Bk, I just couldn't bear to listen to the commentary so I never have...for the very reason you state. The director from the first day of pre-production started taking credit for everything. Forget that both the producer and I and the original director spent four years of our life on it before he ever came aboard. If you listen to him, you'd think he taught the actors how to act, fed the crew, built the sets, designed everything, took the tickets at the box-office. He is a vicious, venal, vile, virtuperative little blowhard of a human being (and I use the word "human Being" in its minimal, basest biological sense), IMHO, who if he couldn't take credit for everyone else's talent would try to diminish it. Not an ounce of poetry in his soul and a thoroughly nasty piece of work. I have never seen a cast and crew so united in their antipathy for a director before. But he is merely a man who cannot rise above his mediocrity.

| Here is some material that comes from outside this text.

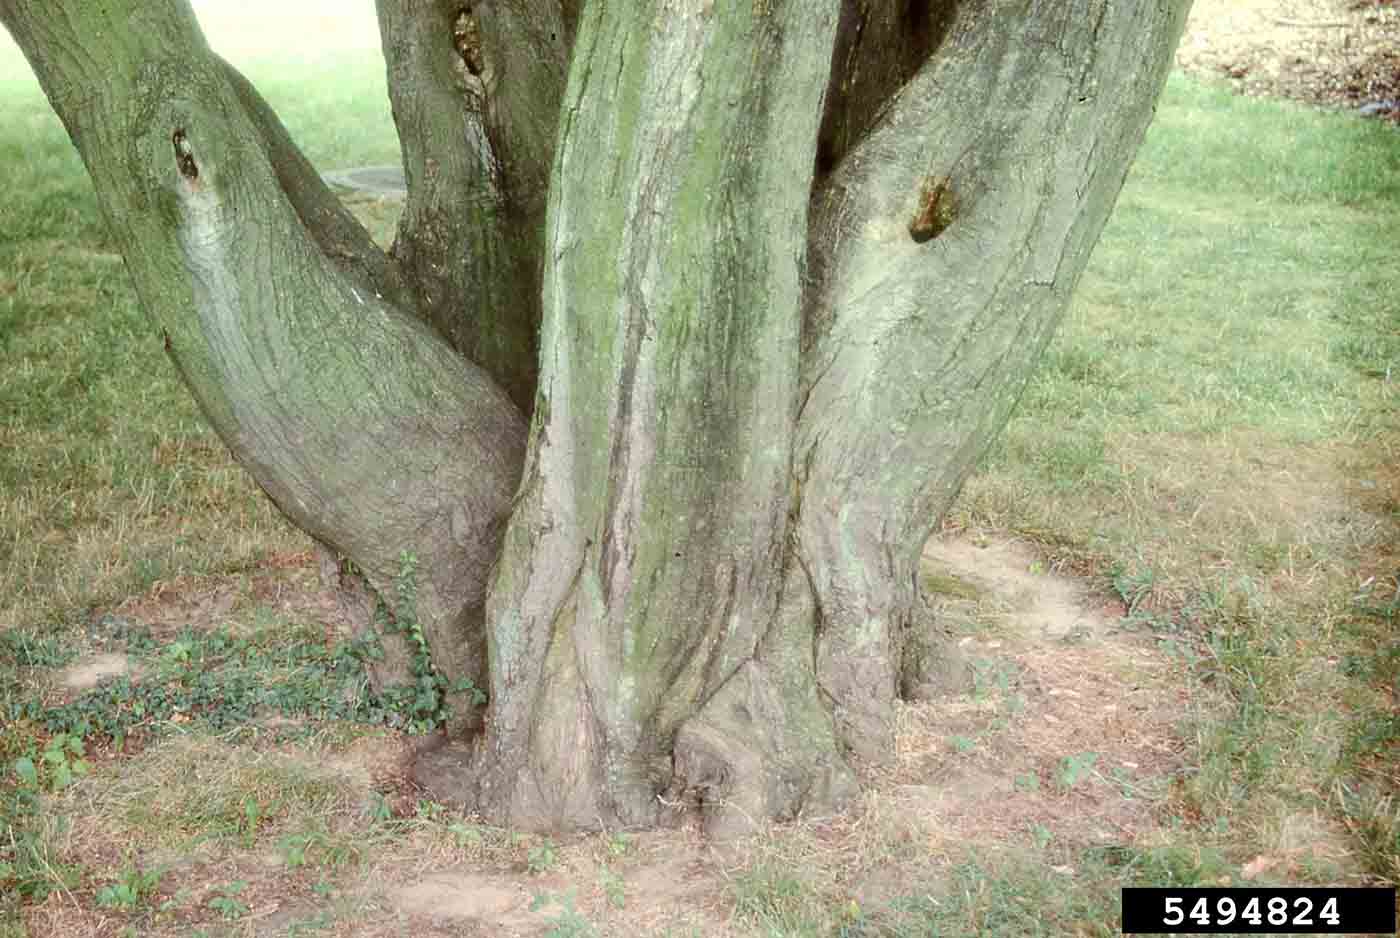 Japanese maple bark

The producer who actually had knew what she had is really at fault. She abandoned her passion and power to capitulate to the director's petty ego and descend to his mediocrity. She told me once in Bratislava at dinner, "Rob pisses around on your script because he is jealous of your talent and he is afraid of you." Which was true, but when I asked her very sensibly then why did she allow him to piss around on the script (at one time she told him, he'd "butchered" it), she said: "It's the process." One needs a producer who knows the difference between collaboration and compromise and keep firm in the fray and not become the Queen of Capitulation.

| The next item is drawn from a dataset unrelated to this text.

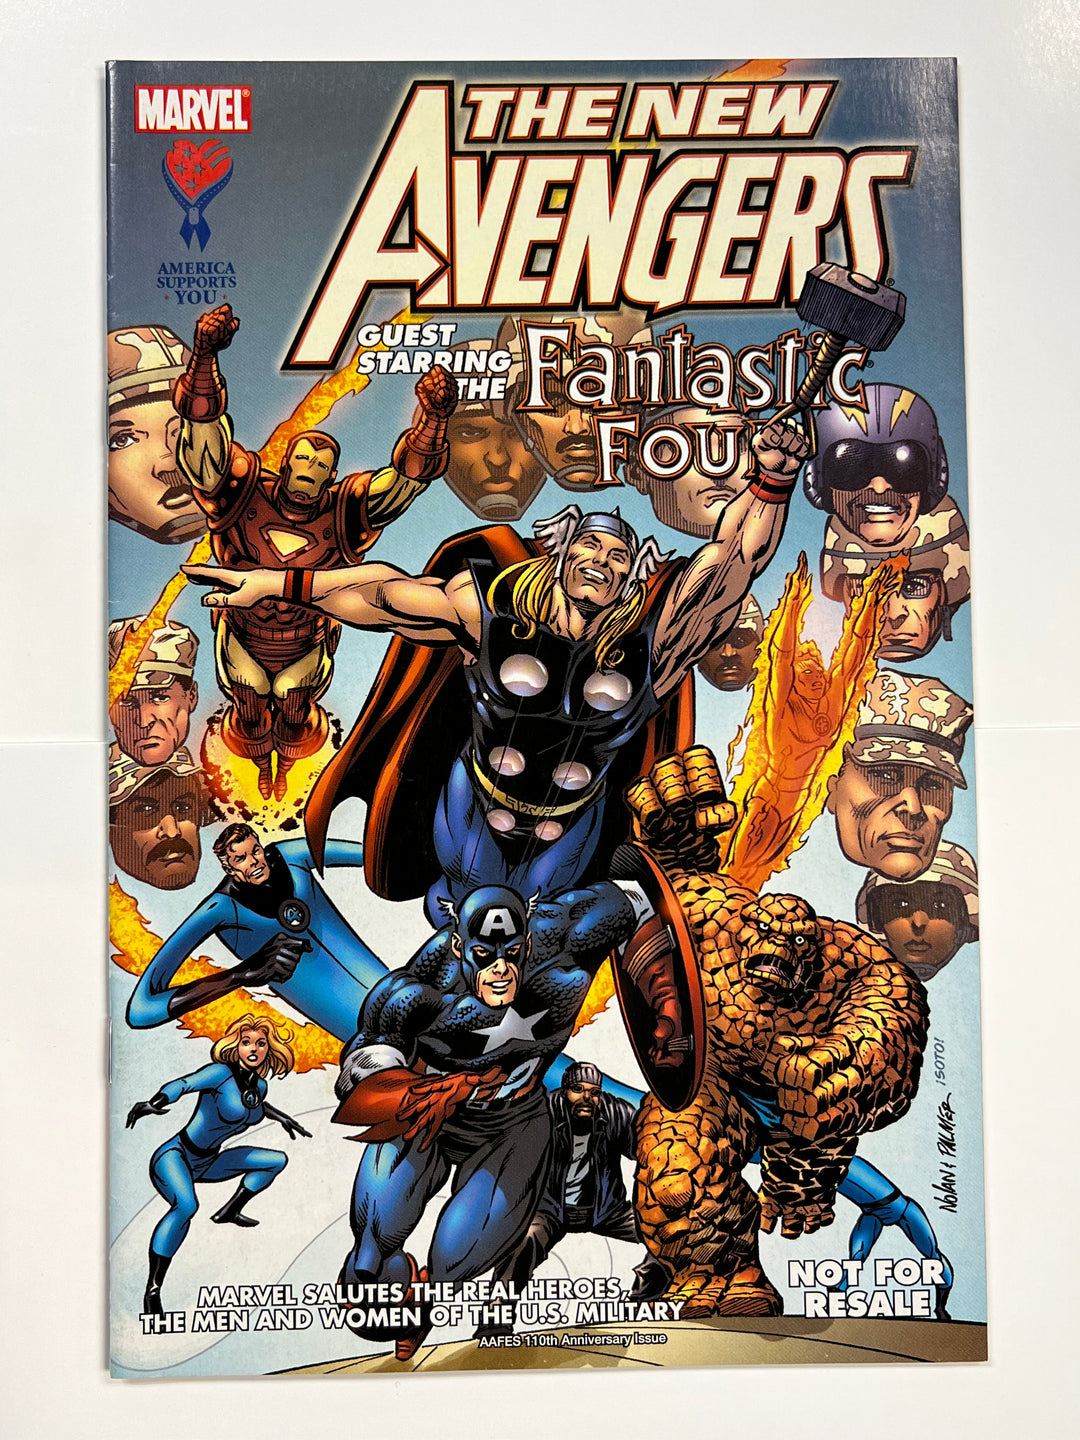 New Avengers: Pot of Gold (AAFES110 Anniversary Issue) Marvel 2005 VF-

The worst cast member...almost despised as much as the director was the actress playing the girl...so many of her scenes (and more important, Dennis' good scenes) got cut because of her performance. Dennis was a hard-working trouper and a consummate professional. Can't say enough good about him. Pete Posthlethwaite, Jason Isaacs, and David Thewlis were all great, but hampered by such bad direction. The funniest breakfast I've ever had was with Pete and David bitching about the director. Thewlis said, "I feel like I'm shouting all the time." Pete's comment about the director was: :"Just figure out where to put the camera, mate, and let us do the thinking."
I have avoided the commentary because I knew it would be a pack of lies. The reason there is only ten seconds of me is because they were desperately trying to muzzle me. I wasn't even going to be included until I raised a stink to the WGA. They filmed an hour's interview with me of which you get just that one clip.
Worst things about the movie are all the nuances are gone, the connective tissue, emotional subtlety, and what one critic called "the plough-horse direction". No poetry of soul, no delicacy. Oh, and, of course, the pigs scene. This was an inspiration of the director's he thought it would be funny if a village of starving peasants was full of pigs, despite the fact that once the villagers think the dragon is dead they rush it saying "Meat, Meat, Meat." We all told him it made no sense, but he's the type of person that rather than admit he's wrong would entrench more adamantly into his position. He thought we were trying to make him look stupid, we kept saying: "No we're trying to make you look smart!" One astute reviewer noticed this glaring inconsistency of idiocy. I write about what went wrong with this and other things in my forward of the published screenplay (which has no pigs in it). But this idiotic gap of logic that everone let slide rather than force the director to get rid of it tells the tale of DRAGONHEART. Let's knowingly do something that's wrong rather than put of with the aggravation of reining in a childish, egomaniacal direction.
One last story. One day the producer was commenting on how much she like the storyboard artist's work. The director, full of umbrage, immediately piped up: "But I told her what to draw!"
Ugh! Bad Karma! Oh, now you made me dredge all this shit up again. I need an acid reducer.